The method of producing refractory oxides of metals of loparite concentrate

 

(57) Abstract:

The invention relates to the hydrometallurgical processing of loparite concentrate. The method includes grinding of the concentrate to the size of particles of at least 0.075 mm classification, opening loparite concentrate concentrated inorganic acid at atmospheric pressure and temperatures above 100C, the subsequent formation of the products autopsy concentrate fluoride compounds tantalum and niobium under the influence of hydrofluoric acid and extraction.

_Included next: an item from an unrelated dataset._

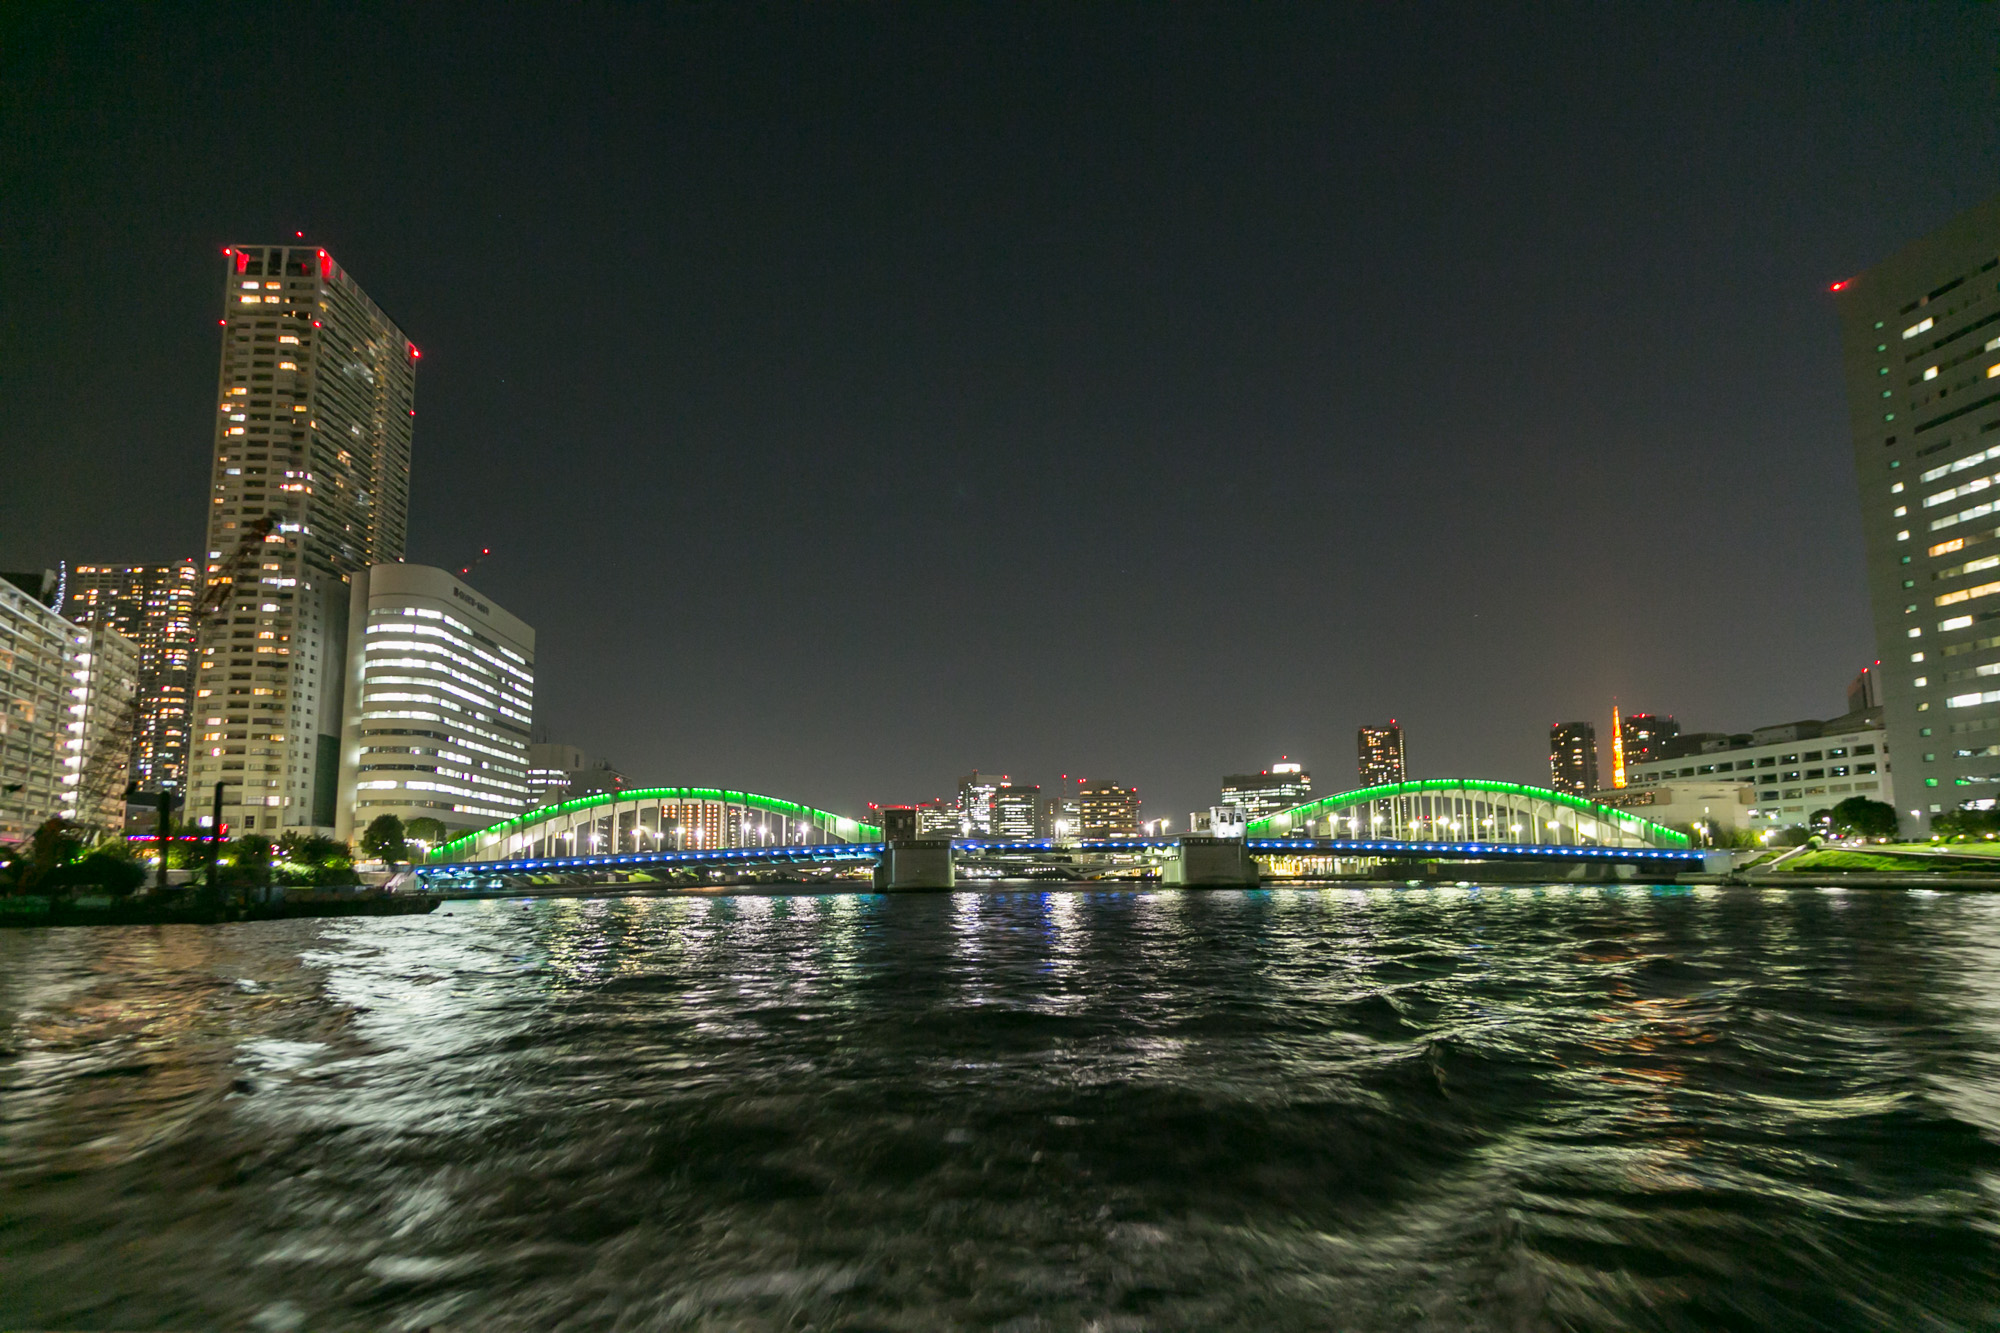 ライトアップされた橋と街の夜景
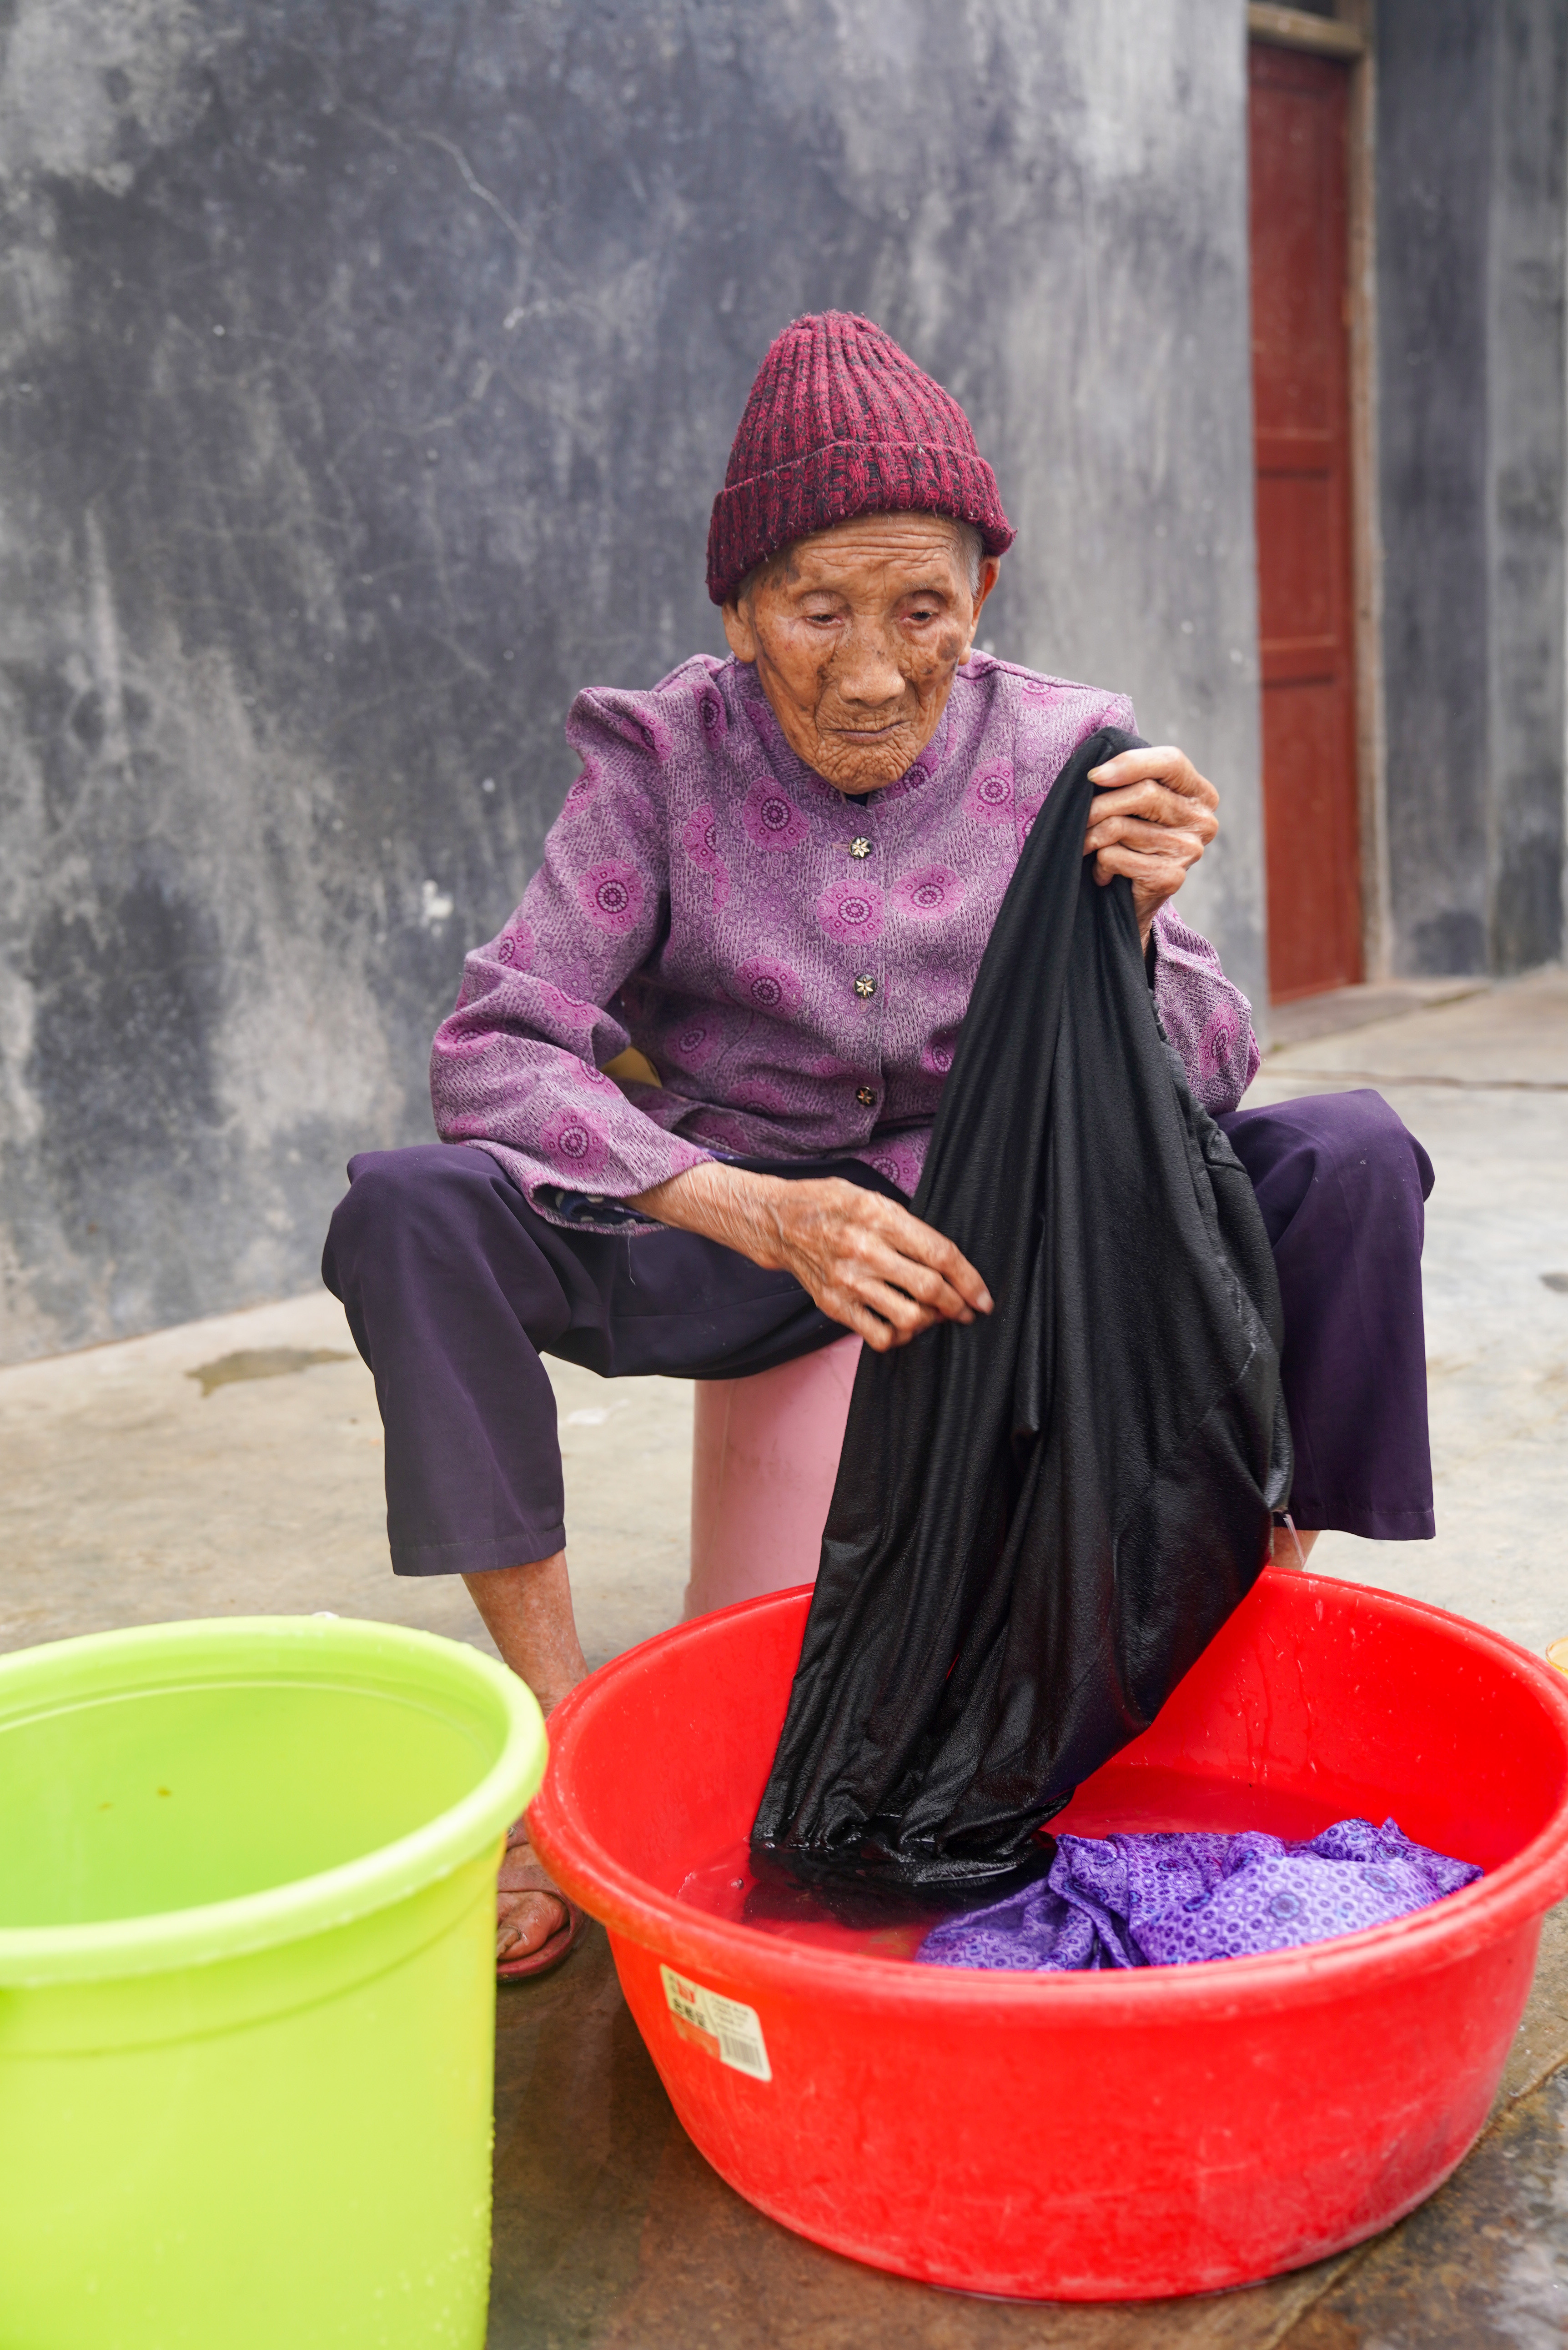 106岁的潘婆婆有点小傲娇:每顿饭都要吃肉 洗澡要慢慢享受

Subsequent extraction of titanium dioxide. When the opening lead with concentrated nitric acid to obtain a hydrated oxide oxides of refractory metals, the formation of fluoride compounds tantalum and niobium ensure dissolution of hydrated cake hydrofluoric acid with a concentration of at least 40% with the formation of the fluorine-Titanic acid, extraction of tantalum and niobium is performed using oktilovom alcohol, and removing oxides from their reextractors carried out by high-temperature pyrolysis at a temperature of 600-650C , followed by oparka of raffinate 1.5-2.0 times and subsequent extraction of titanium dioxide by viscotester the oho hydrogen water to obtain hydrofluoric acid, you return to the dissolution of hydrated cake. The method allows us to simplify the process, improve its efficiency and effectiveness. table 1.

The invention relates to the hydrometallurgical processing of ore concentrates, and more particularly to the processing of loparite concentrate.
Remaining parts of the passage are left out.